Economists will tell you that when the minimum wage goes up, black teens are hurt the worst. (What else is new?) And in D.C., there are a lot of unemployed black youths.

Those who think about these things say a lot of crime among young people, especially in the cities, can be blamed partly on high unemployment. So why exacerbate the problem?

Of course, the policymakers and Deep Thinkers who proposed this $15 an hour won’t be hurt much. They have jobs.

For best example, take Diana Ramirez, spokeswoman for some outfit called One Fair Wage DC: “It would be deeply undemocratic for (the) council to overturn the will of the people. D.C. voters don’t like it when Republicans in Congress do it, and we trust council will not stoop to that level. In our pre-election poll, over 80 per cent of D.C. voters said they would be concerned if council overturned their vote. The people are watching. Council must set any sour grapes aside and push ahead.”

Speaking of Republicans, two members of the House Freedom Caucus — Mark Meadows of North Carolina and Gary Palmer of Alabama — gave their approval to the city council.

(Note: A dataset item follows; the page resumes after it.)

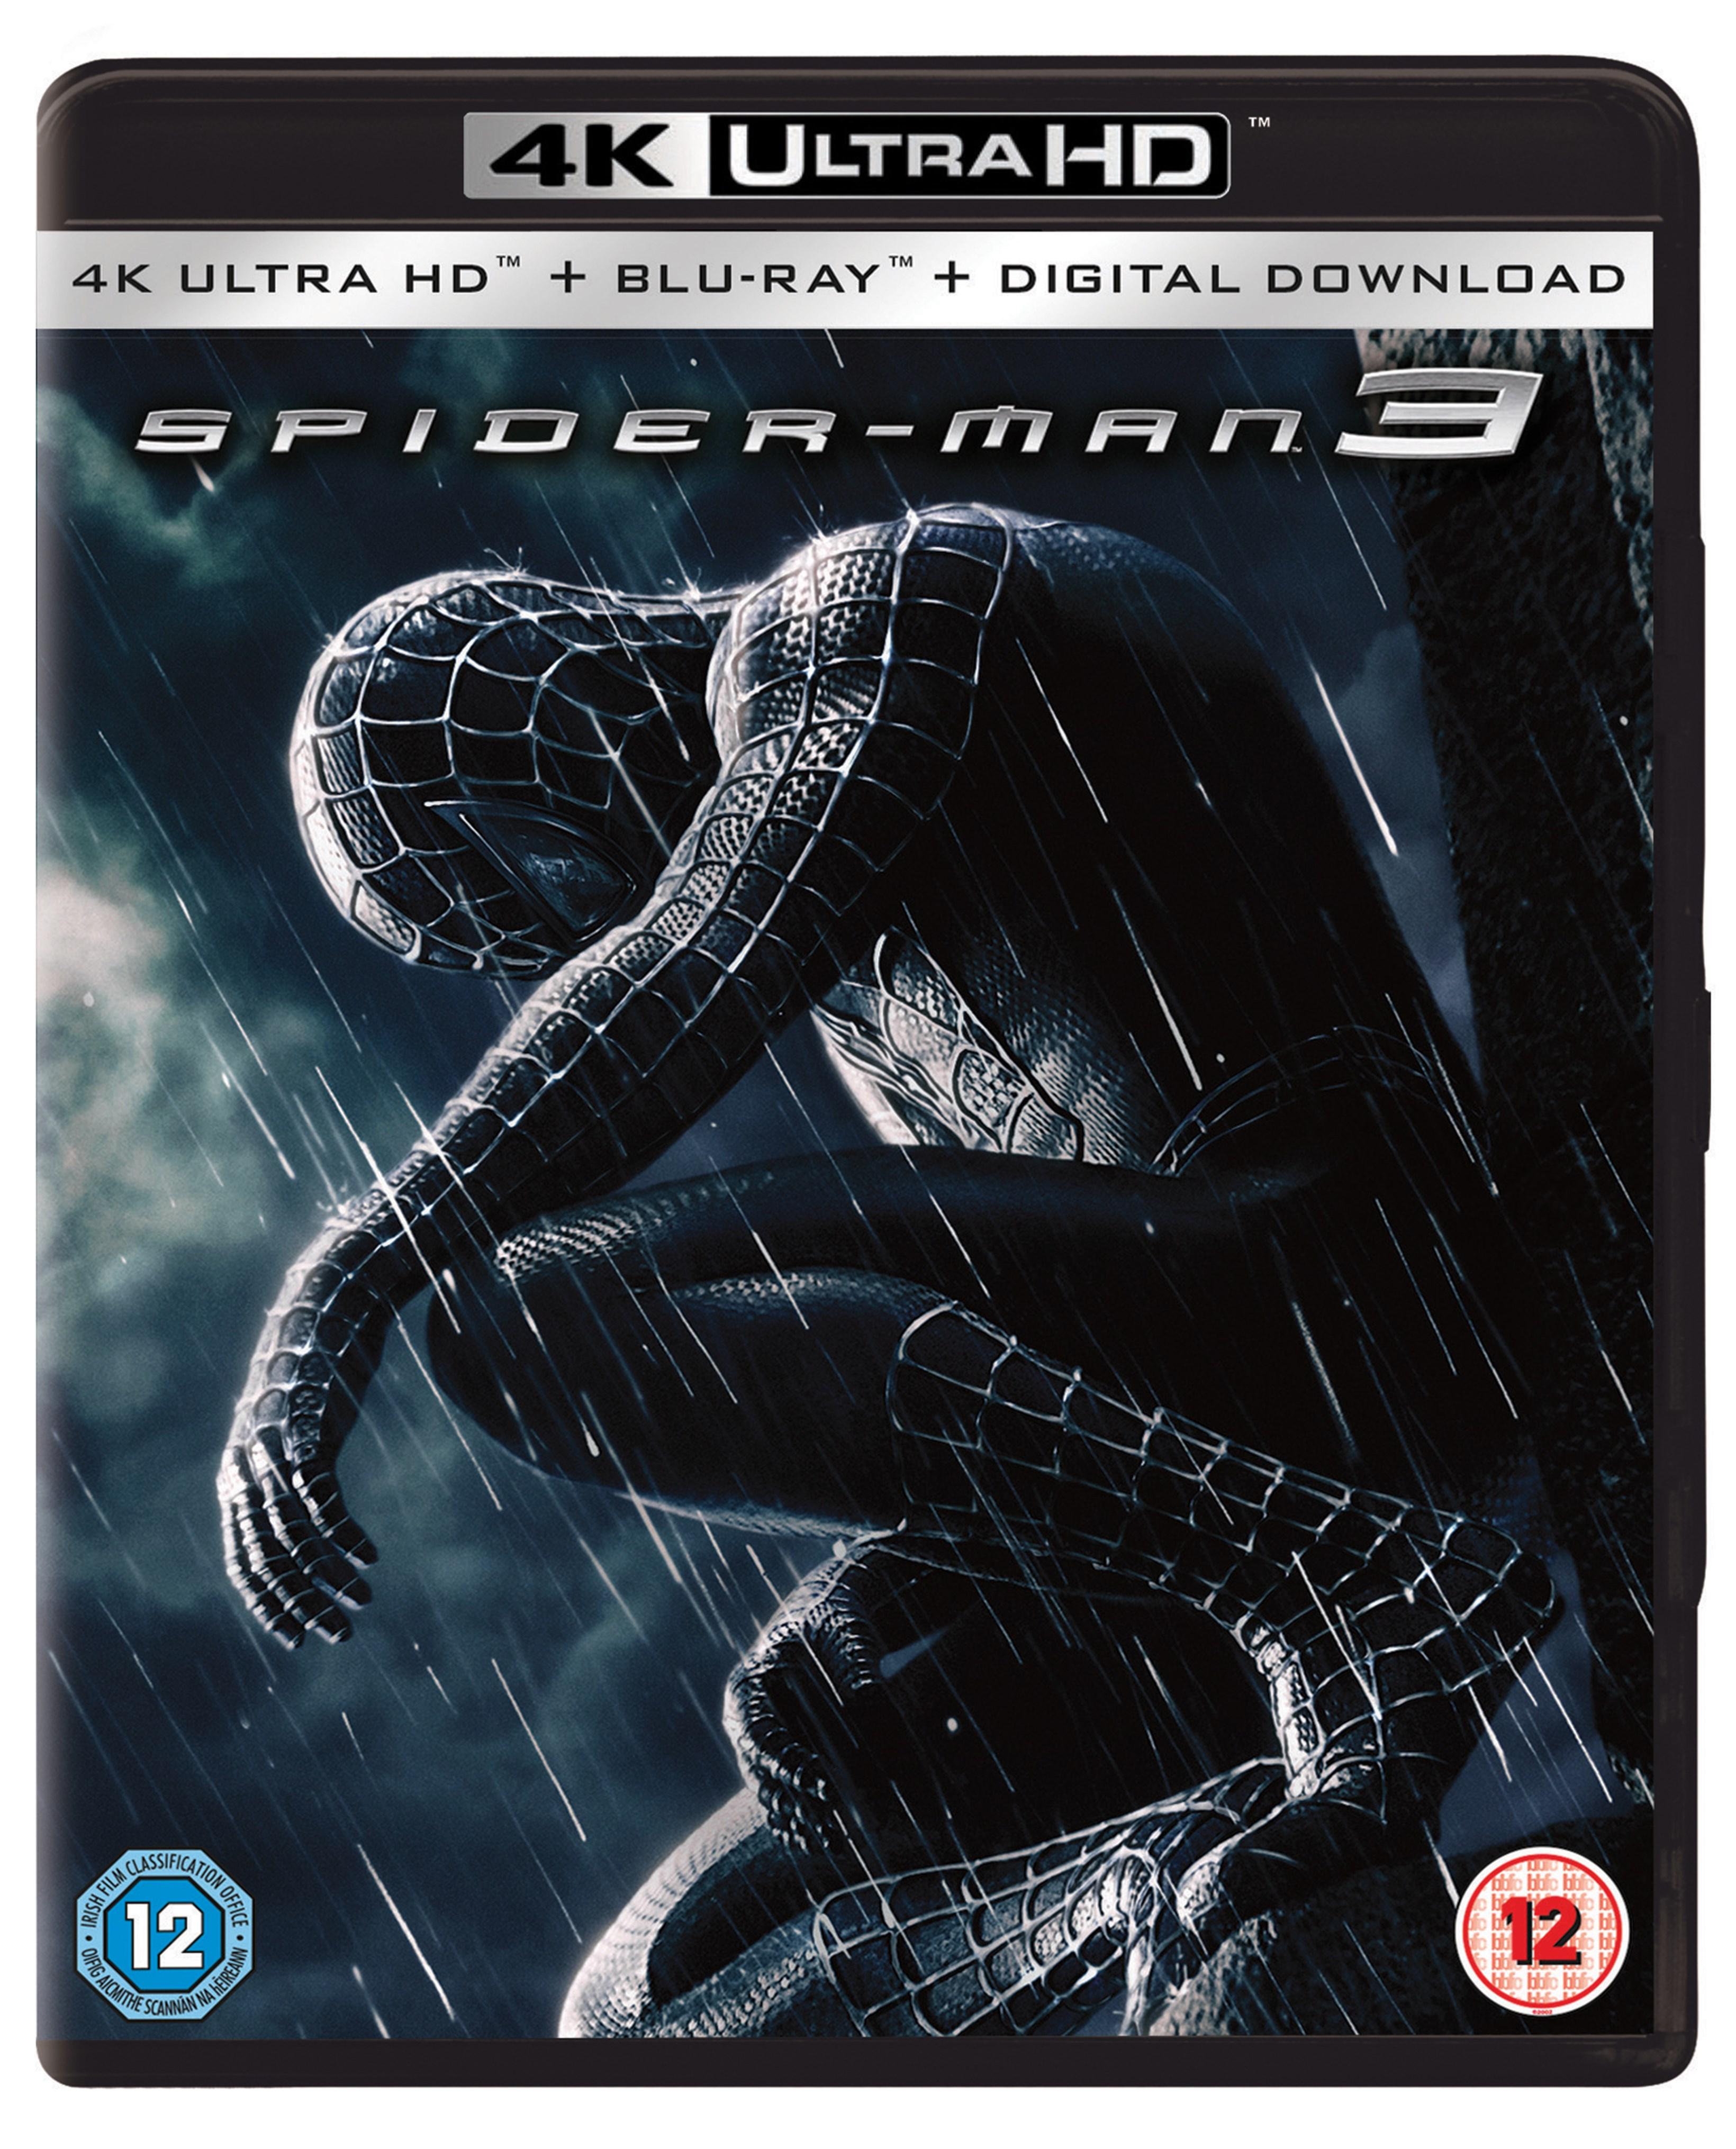 Spider-Man 3 - 1

They moved last week to block Initiative 77, too.

City council members have told those Republicans, in so many words, please don’t help.

Imagine, if you’re a Washington D.C., city council member, having to explain your being on the same side as (shudder) Republicans! It’s as if Republican members of Congress also understand that Initiative 77 will eat away at thin profit margins in the service industries, possibly force layoffs, and obviously raise prices for everybody who eats or drinks in Washington, D.C.

Supporters of Initiative 77, however, say it’s only fair. Having a two-tiered pay system isn’t equitable. Wage theft is a problem. And something about how this measure will work against sexual harassment. How a higher minimum wage works against sexual harassment hasn’t been explained. Must be some theory, though.

What’s not theory: When a business’ expenses go up, owners look for ways to cut them.

Besides, if it is the Lord’s work to make the minimum wage $15 an hour, why not raise it to $30 or $40? Because this is what’s known as inflation–a hidden tax that destroys the value of our currency. And a $30 minimum wage would probably throw twice as many people out of work in the service industries.

But fear not. Somebody will propose that $30 minimum wage soon enough. Just let the $15 catch on first.